▶ **Instructions to follow**:
Print the data below exactly as it stands, and keep the pictures out.

▶ **Information supplied**:
-=-=-=-=-
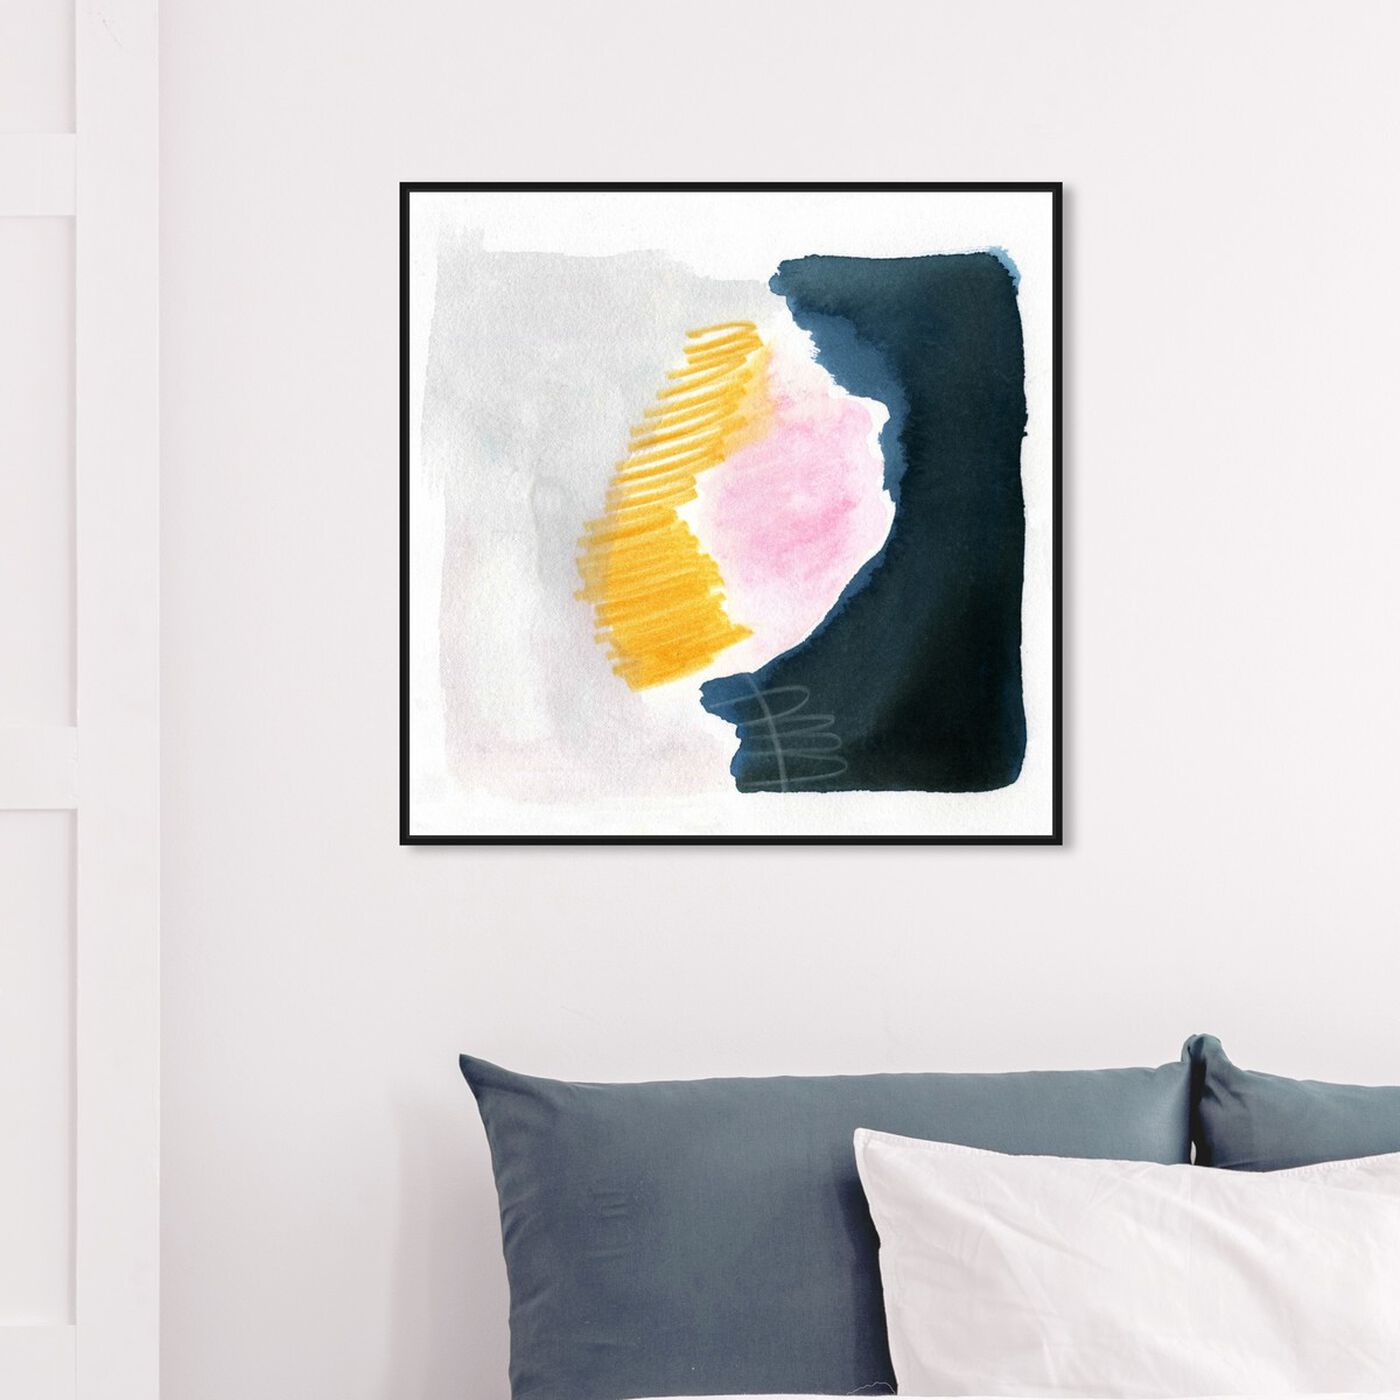 Hanging view of Human featuring abstract and watercolor art.
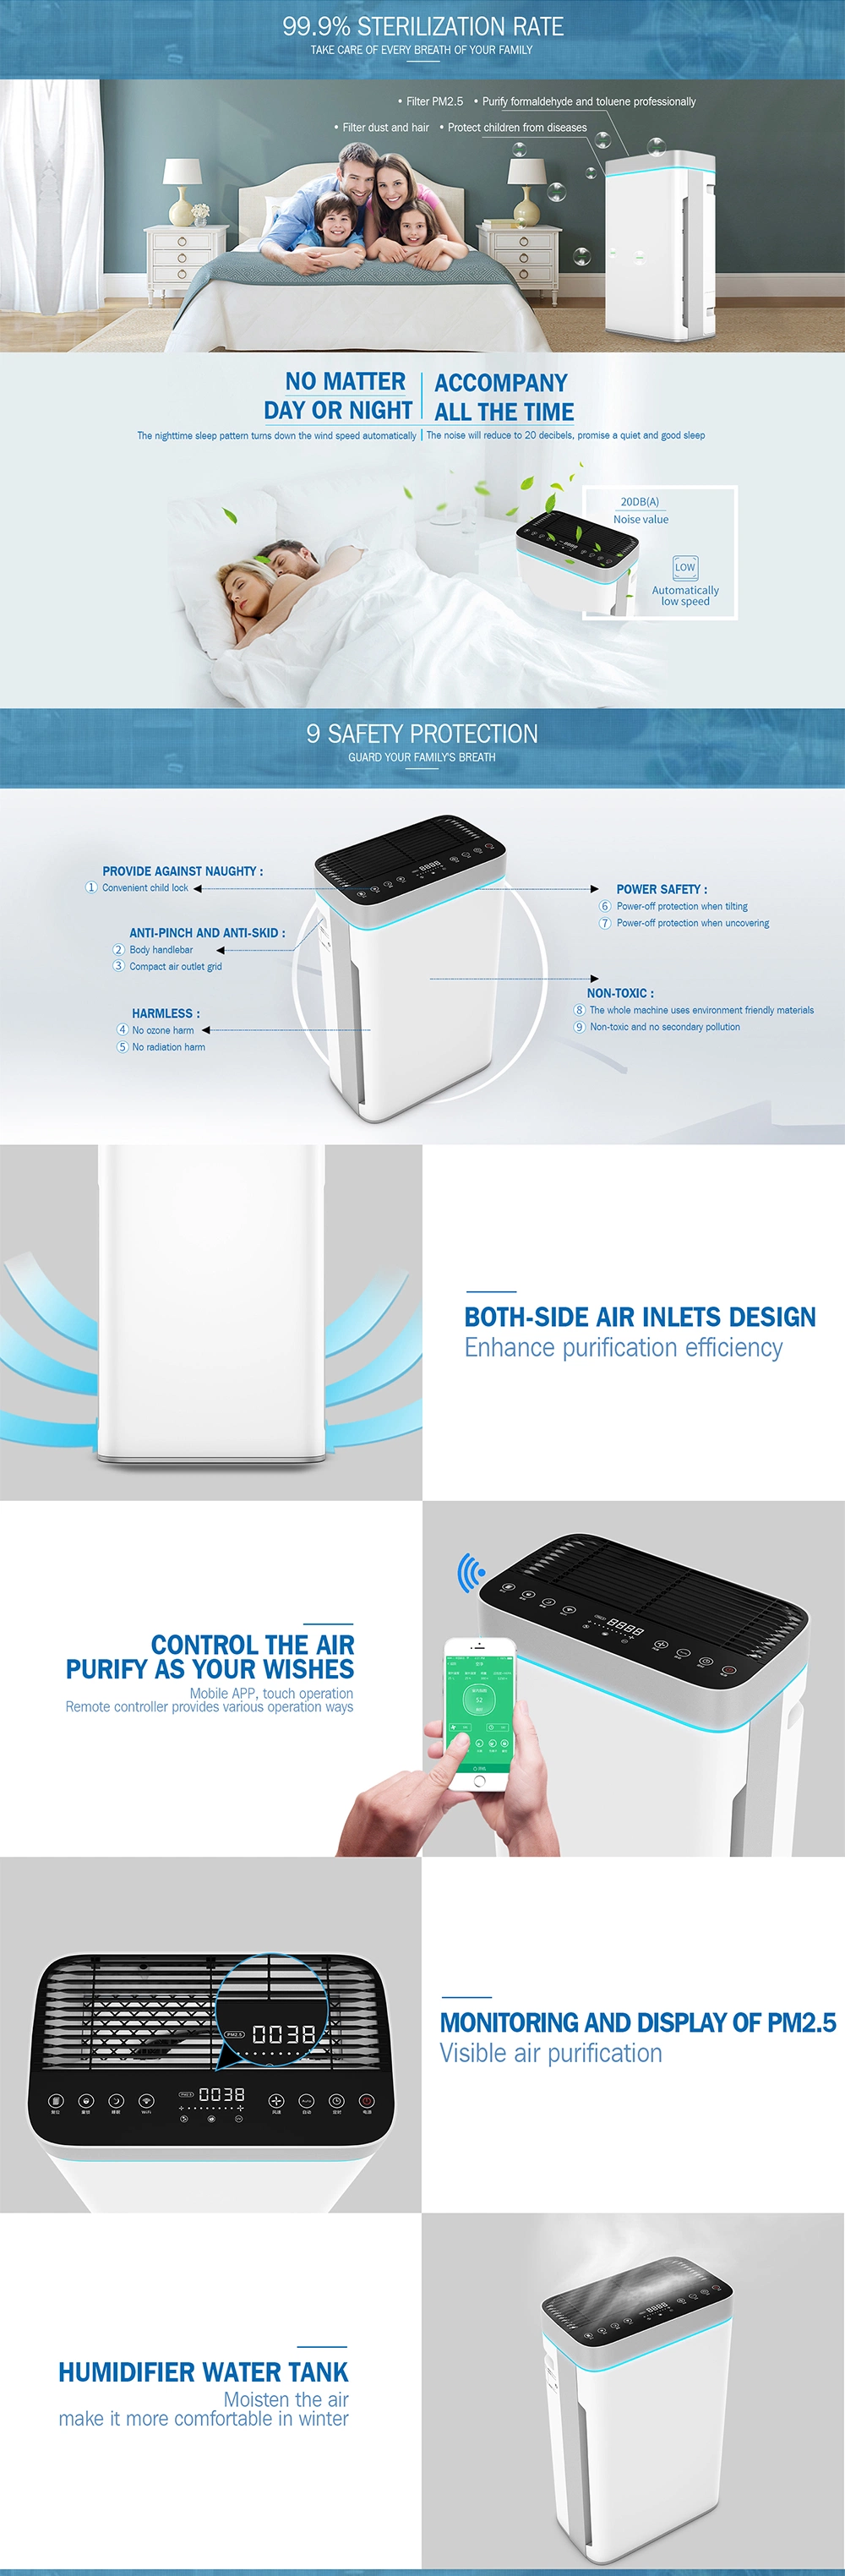 Multi-Function HEPA Filter Air Purifier Floor Standing Air Purifier Dehumidifier with Smart WiFi Control
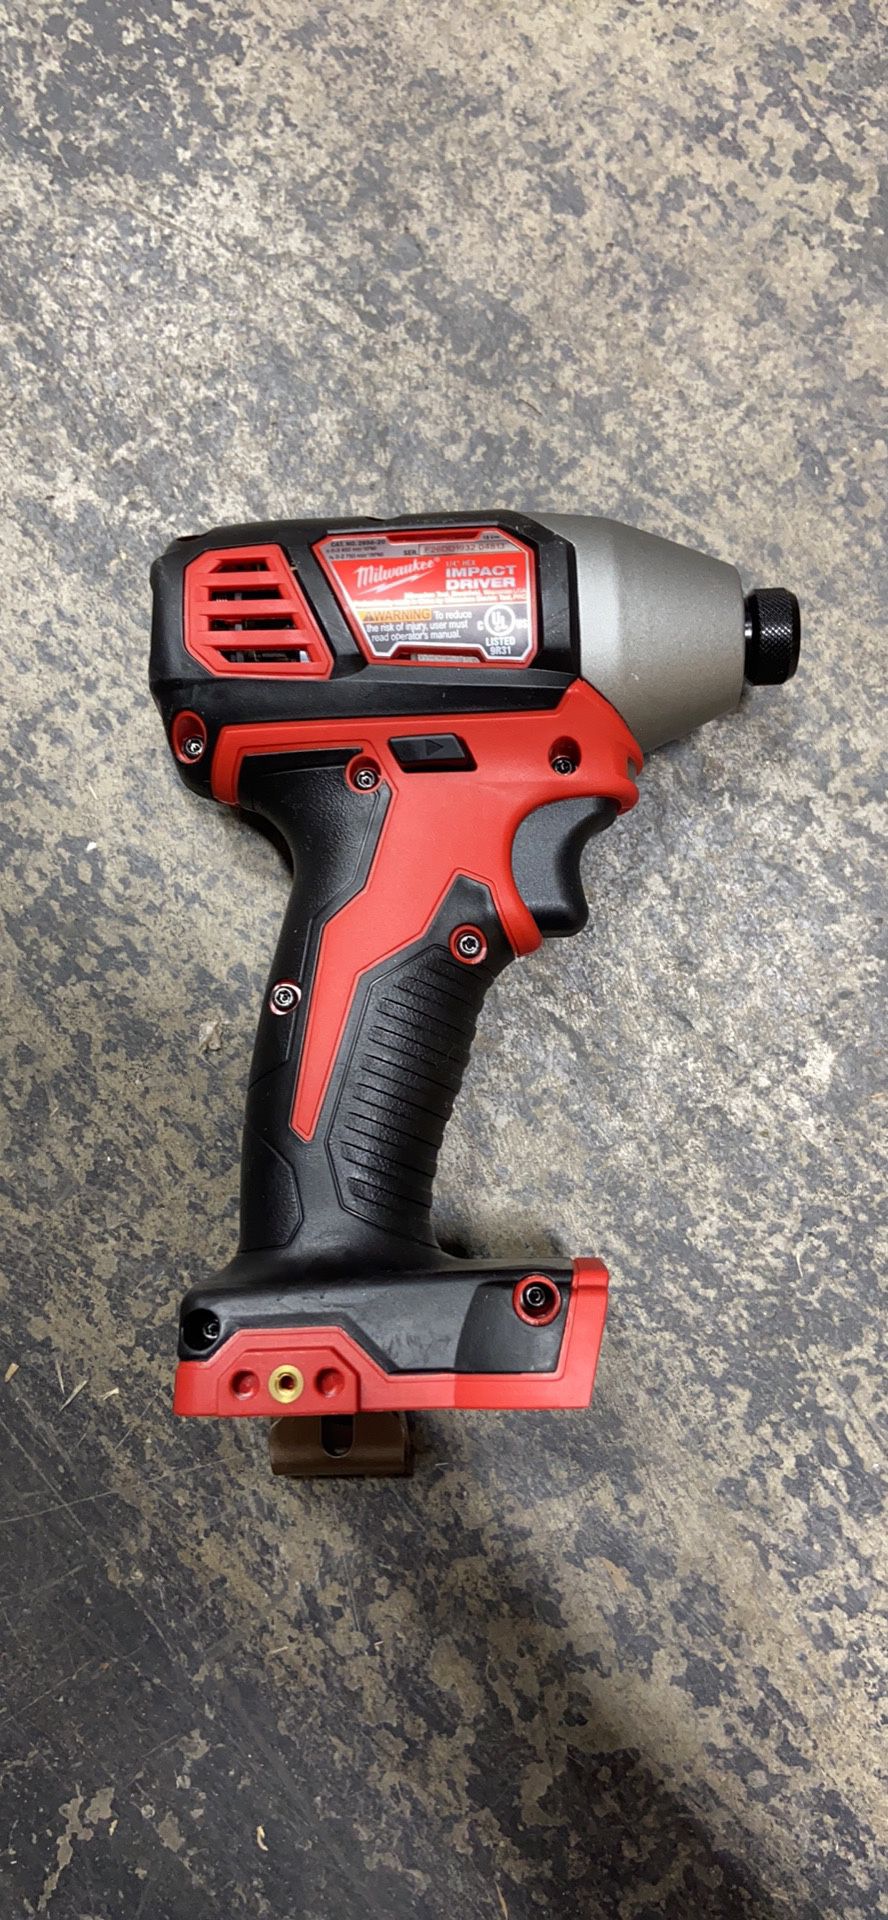 Brand new Milwaukee impact driver m18 *asking price only*
-=-=-=-=-
▶ **Problem solution**:
 Hanging view of Human featuring abstract and watercolor art.
 Multi-Function HEPA Filter Air Purifier Floor Standing Air Purifier Dehumidifier with Smart WiFi Control
 Brand new Milwaukee impact driver m18 *asking price only*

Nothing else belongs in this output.